Figure 4. Recurrence of diseases following study completion and benralizumab discontinuation. (A, B) P15, eosinophilic sinusitis with nasal polyposis. MRI 2 months post-study shows recurrence of severe sinus disease (T2 axial images). (C, D) P17, severe EGPA with eosinophilic carditis. Bilateral ankle bullae observed 6 months post-study during EGPA exacerbation with worsening asthma and elevated inflammatory markers; fluid analysis shows 600 eosinophils. (E, F) P10, steroid-dependent chronic eosinophilic pneumonia. Pulmonary function tests 5 months post-study demonstrate combined obstructive and restrictive lung disease (FEV1/FVC 68%, FEV1 64% predicted, FVC 76% predicted). Flow-volume loop (F) shows a concave expiratory limb indicating obstruction and reduced loop size indicating restriction, consistent with PFT results.

4 Discussion

In this 52-week prospective “basket” trial, we evaluated the efficacy and safety of benralizumab in patients with rare eosinophilic disorders.
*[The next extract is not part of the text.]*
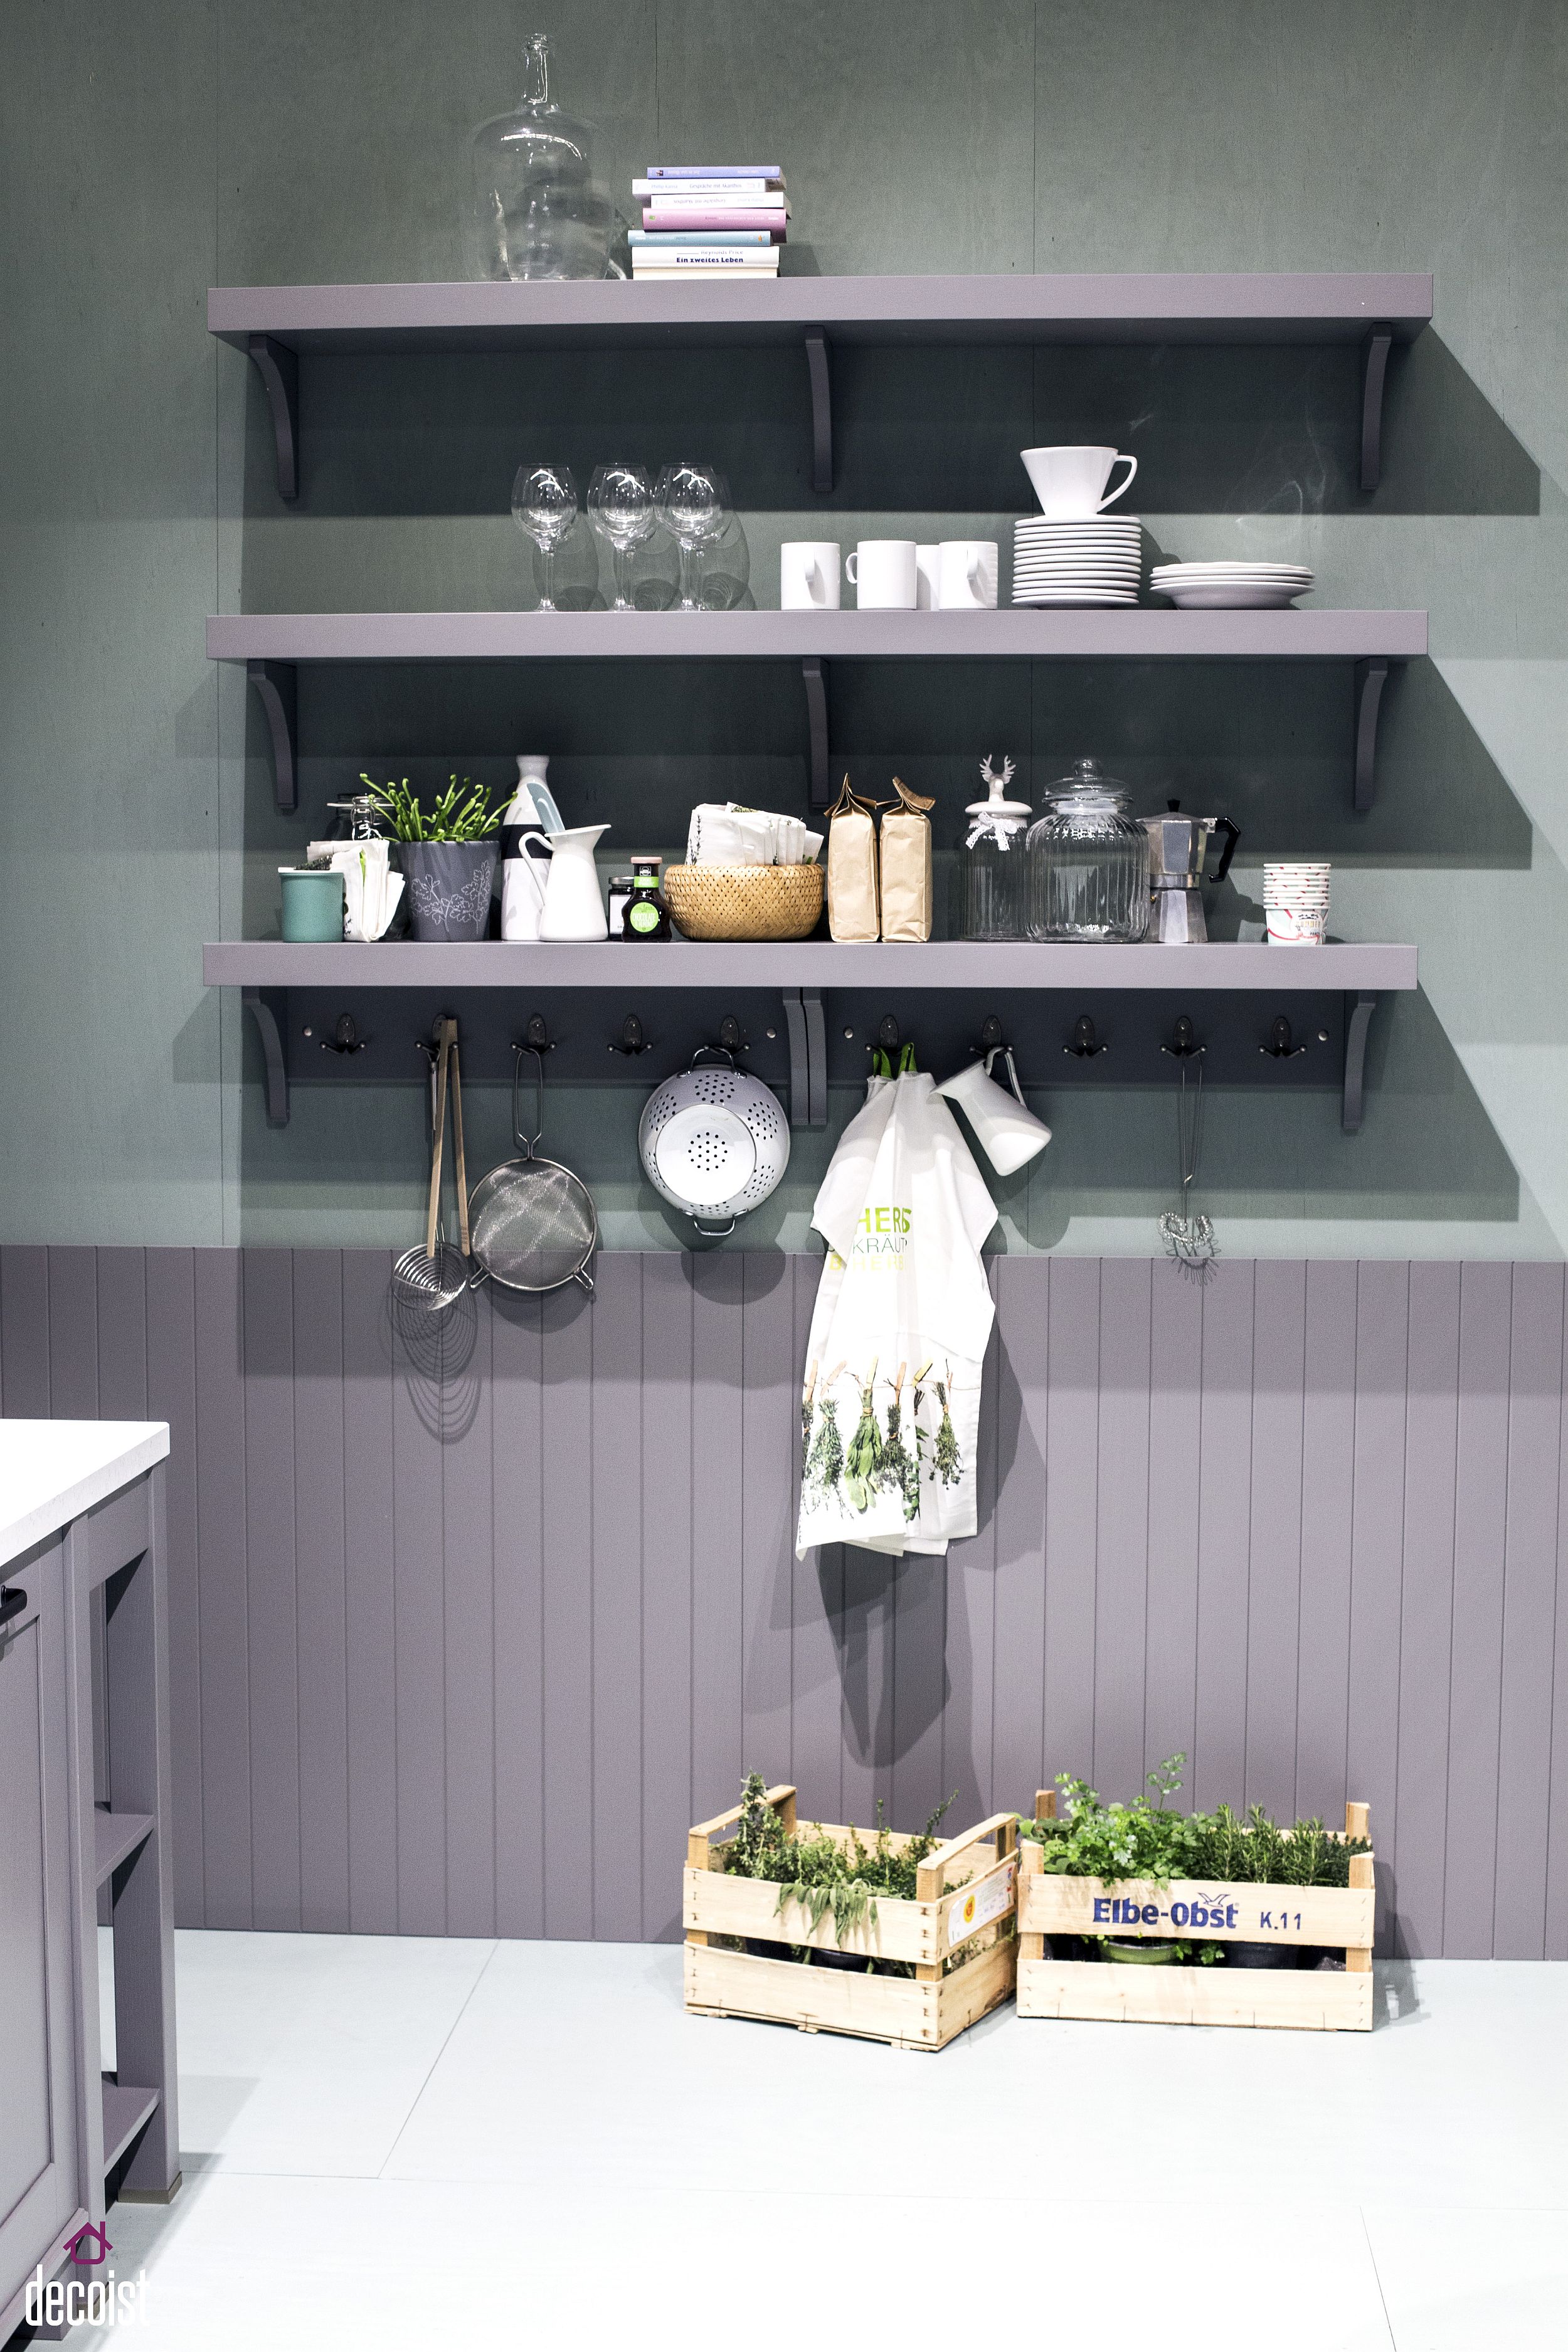 Slim-floating-shelves-in-gray-create-a-smart-and-space-savvy-kitchen-display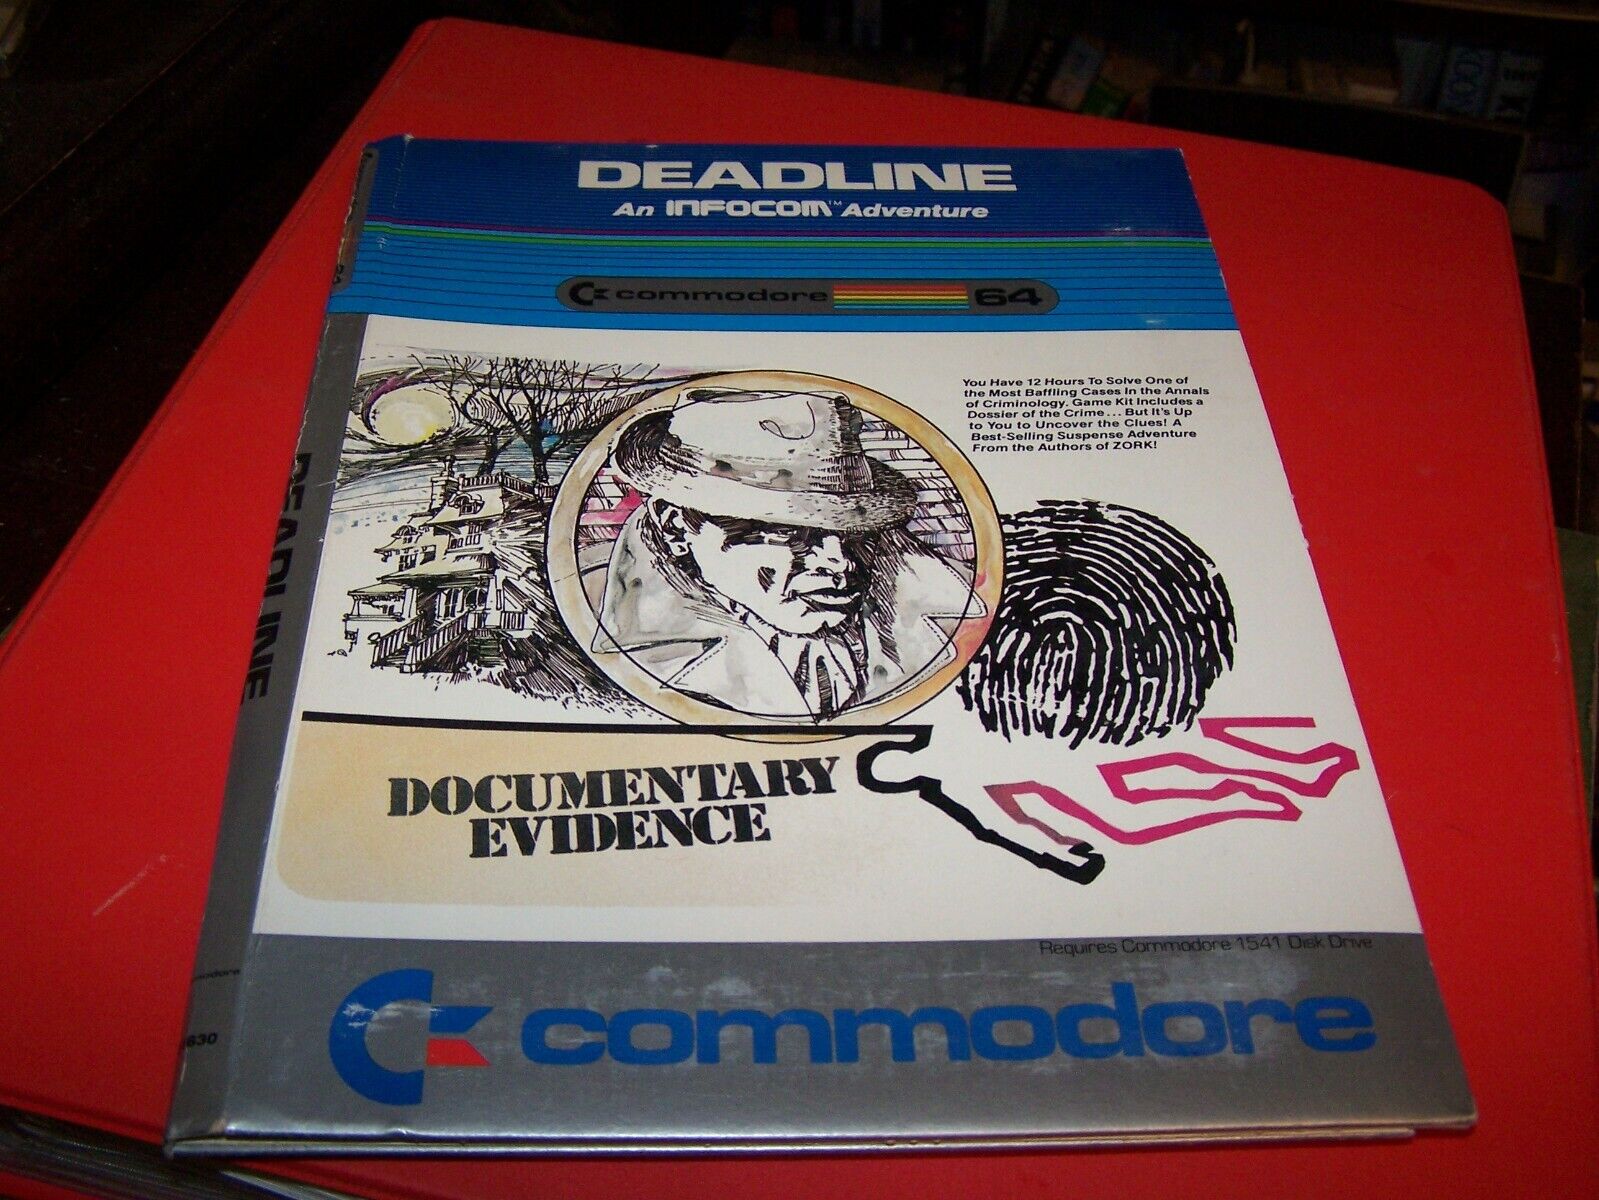 Deadline Adventure Game for Commodore 64 on 5.25 disk

To date, no double-blind randomized controlled trials are planned for these rare eosinophilic disorders, and our study contributes a unique perspective by providing prospective data with 52 weeks of follow-up. However, these findings represent exploratory, hypothesis-generating observations and should be interpreted with caution until validated in larger, controlled trials.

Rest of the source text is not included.